NEW YORK — The arrest of four Muslim ex-convicts in an alleged terrorism plot in the Bronx is renewing fears about the spread of Islamic extremism in the nation’s prisons.

At least two of the four men suspected of plotting to bomb synagogues and shoot down military airplanes converted to Islam behind bars. The alleged mastermind also is a convert, and the fourth man identified himself as a Muslim when he entered prison.

Islam has had a strong presence in U.S. prisons for decades, and many chaplains and corrections officials credit the faith, when taught properly, with being a stabilizing force that can help inmates turn their lives around.

But this week’s foiled plot is not the first terrorism scheme implicating Muslim convicts, and it comes despite reports of progress in screening chaplains and materials on Islam in the prison system.

“Basically, the threat is real,” said Paul Rogers, past president of the American Correctional Chaplains Association. “Prisons have unstable people and people who are on the edge of a lot of different things. The radical elements of any religion can be emphasized.”

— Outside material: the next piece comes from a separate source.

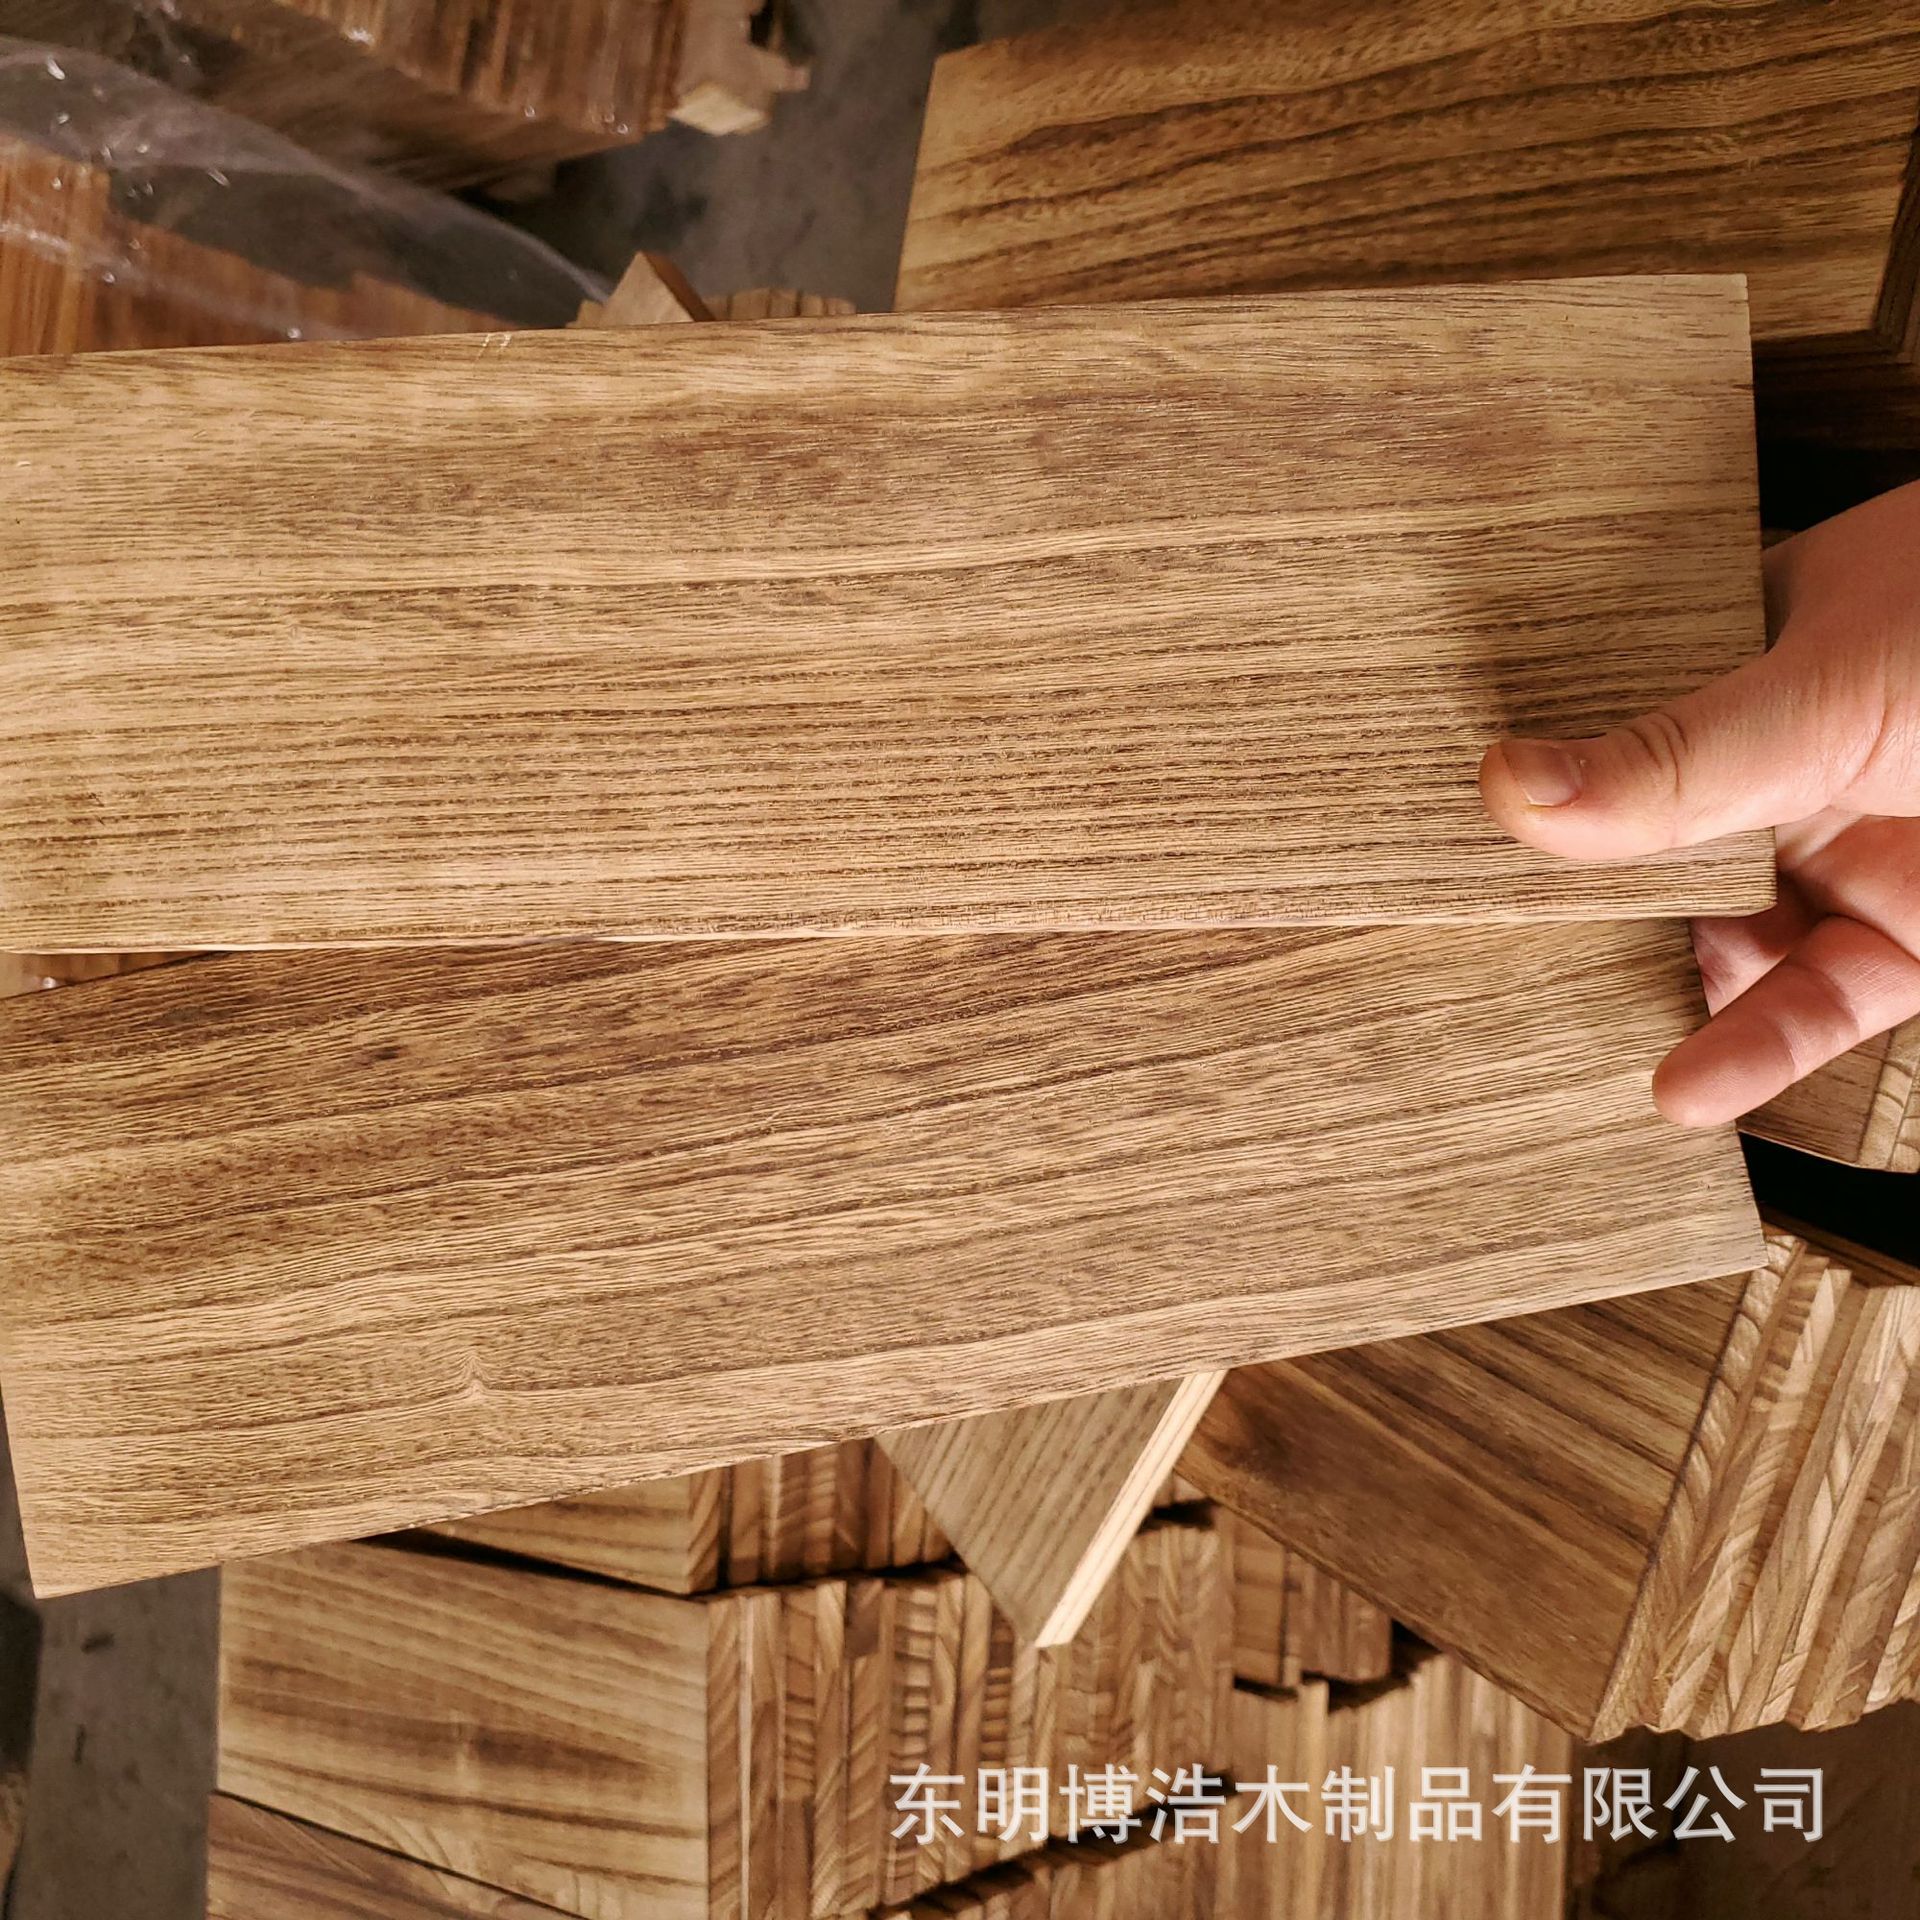 厂家直销桐木碳化板实木家具装饰拼板工艺品材料多规格可定

Those fears were heightened this week as lawmakers debated the fate of detainees if President Barack Obama shutters the prison at Guantanamo Bay.

Mitch Silber, a top New York Police Department intelligence analyst, said inmates converting to Islam are so common that he and his colleagues call it “Prislam.”

Several imams used the term “Jailhouse Islam” to describe a form of Islam in prison that incorporates gang loyalty and violence, the report said.

Though many drop the faith once they are out, for some “the conversion sticks” and can fuel anger toward the United States, said Silber, co-author of the 2007 NYPD report “Radicalization in the West: The Homegrown Threat.”

Many states are doing a better job of screening the reading material that comes into prisons, Rogers said. But other problems arise when there are no qualified chaplains or volunteers.

“Sometimes inmates rely on other inmates, and it’s sort of the prison way,” Rogers said. “They turn to someone they trust, their ‘celly’ or someone in their cellblock, and put them on a pedestal as someone who has more knowledge about the religion. He could be spreading knowledge or could be spreading ignorance.”

Islam took hold in U.S. prisons in the 1940s, when members of the Nation of Islam were held for refusing to fight in World War II.